А за наружной ручкой Боря с тех пор следил самым пристальным образом и уже через год точно знал, что ярче всего она блестит летом, когда в потолке открыт лаз на чердак, и оттуда сквозь треугольное голубиное окошко падает на вздыхающий темно-рыжий дощатый пол подъезда рассеянный солнечный луч.
В шесть лет он решил, что ручка состоит в близком родстве с маминым обручальным кольцом, у них даже узор из царапинок был похож – как узор на его собственных и маминых ладонях. Только у колечка линии были помельче – так же, как черточки на его руке были тоньше, чем на маминой.
В третьем классе школы, возвращаясь как-то домой в крайне удрученном расположении духа, вызванном тройкой по математике, Боря сделал заключение, что ручка похожа на знак параграфа – хоть и витиеватая, в локонах, но очень строгая. А однажды бабушка сообщила ему, что по национальности Кляйманы немцы, и пару вечеров Боря провел, сравнивая их жизнь с жизнью семейства Димки Зайцева, его одноклассника, жившего на первом этаже. Вспоминал фразы, улетавшие иногда из их квартир к соседям сквозь открытые окна. Музыку их праздников – мамины пластинки, неровно кружившие на проигрывателе с красивым названием «Ригонда» и извлекавшие скучные, в общем, звуки, которые, переходя друг в друга, поскрипывали, как песок на берегу прохладного моря, – и пугающе громкие, раскатистые песни про коней и атаманов, доносившиеся с первого этажа… Поразмышляв об особенностях национальных характеров, Боря сделал вывод, что ручка скорее немка, чем русская. Вывод, впрочем, вовсе не противоречил истине – их двухэтажный, на шесть квартир, домик строили еще кенигсбергские мастера, а отец утверждал даже, что охристого цвета черепицу на крыше выкладывал собственноручно прадед Бориса Отто – в свое время самый известный в городе кровельщик.

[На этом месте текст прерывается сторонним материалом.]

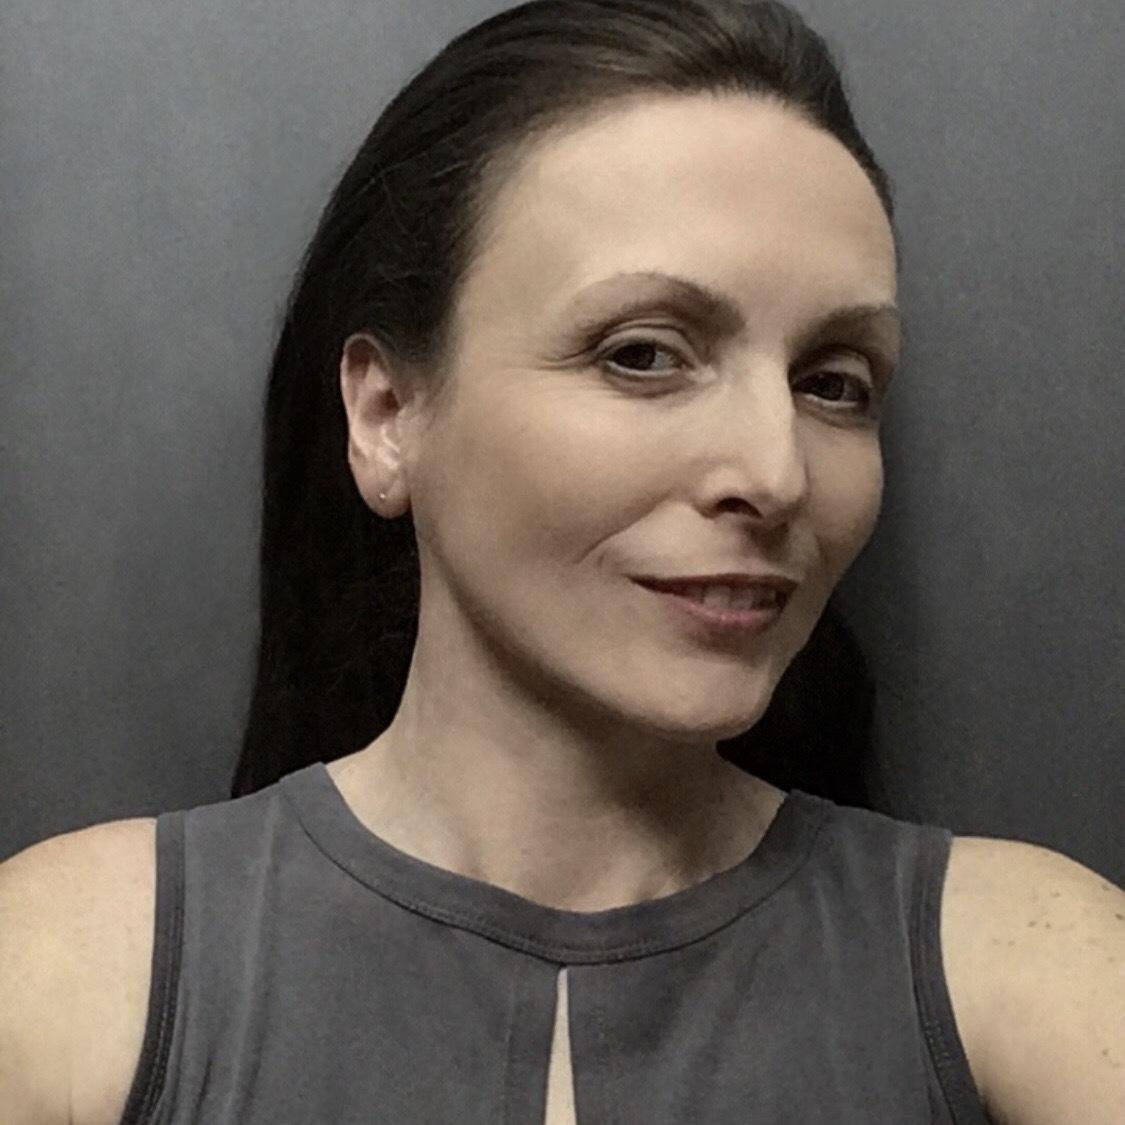 Helen Breznik

Тайная жизнь латунной ручки не давала Борису покоя. Всякий раз загораясь от солнечного луча, как от спички, ручка словно заговорщицки ему подмигивала, предлагая не входить в собственную квартиру, а переместиться на много десятилетий назад, увидеть, как по зеленой улочке его высокий суховатый прадед, одетый в воскресный костюм, направляется к строгой церкви с острой колокольней, по пути церемонно приветствуя знакомых и удовлетворенно узнавая дома, крыши которых он сам покрывал черепцей – античной, голландской или татарской кладкой, а еще рисунком «бобровый хвост» или «монах с монашкой»…

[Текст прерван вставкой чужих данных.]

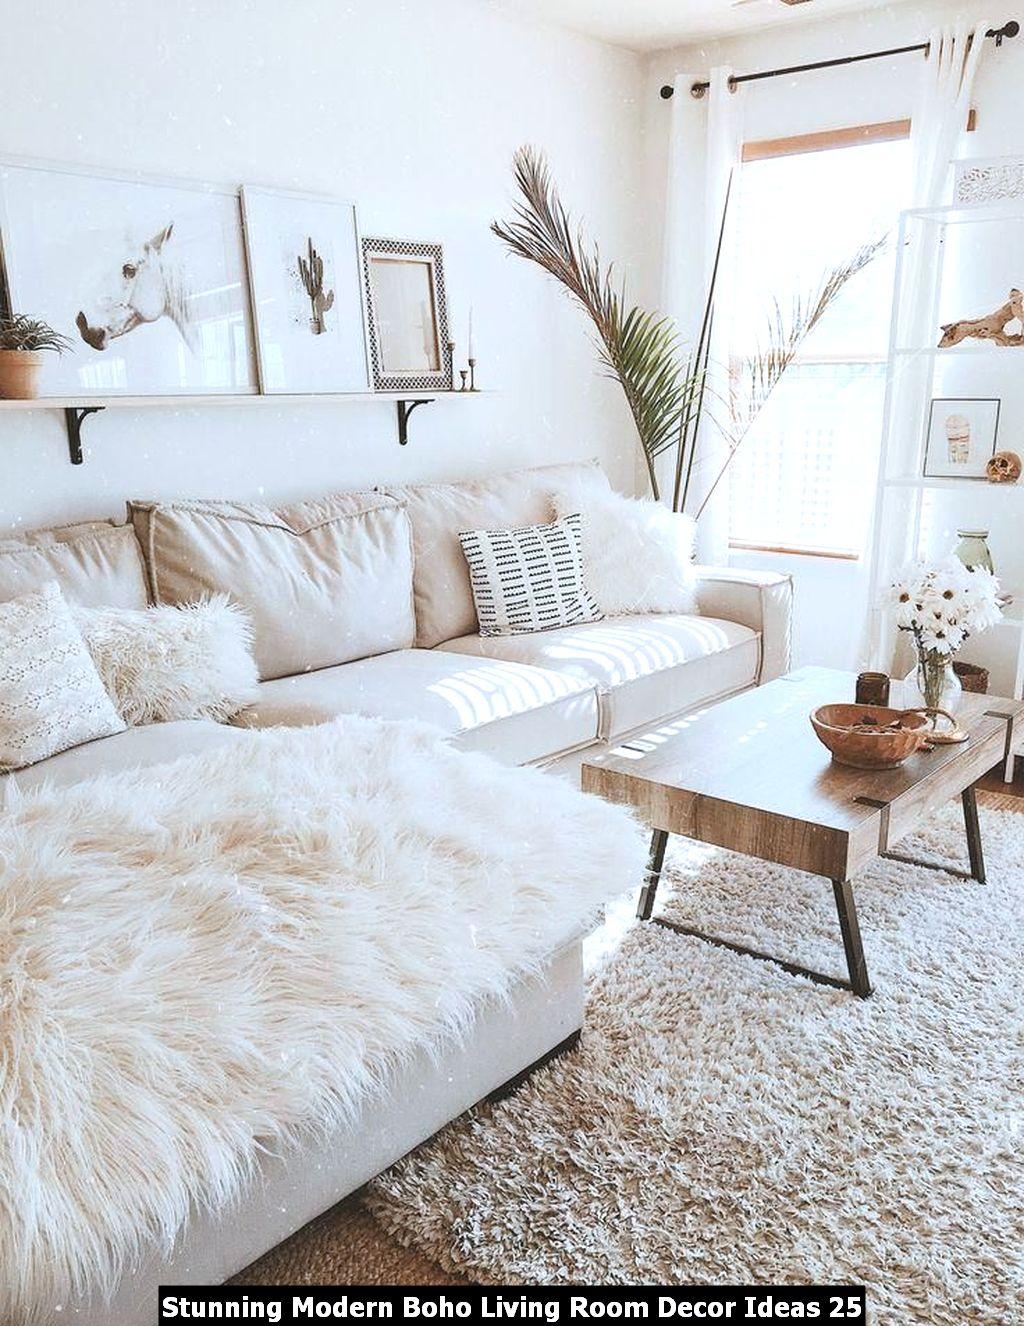 Stunning Modern Boho Living Room Decor Ideas 25

В пятнадцать лет Боря написал об этом свой первый рассказ. Так долго дразнившая его воображение другая жизнь больше месяца скользила по строчкам ученической в линейку тетрадки, примеряла на себя сочетания слов, как костюмы, и бесследно растворялась в многоточии, которым Боре чаще всего хотелось заканчивать предложения. Написав фразу, он подолгу ее перечитывал, удивляясь тому, что получилось не совсем так, как Боре на самом деле хотелось. Но переписывать не решался, потому что его вдруг охватывала пронзительная жалость к словам – его собственным словам, которые он отбирал мучительно, выкладывая ими мозаику текста, почти так же, как прадед когда-то выкладывал причудливый черепичный рисунок города…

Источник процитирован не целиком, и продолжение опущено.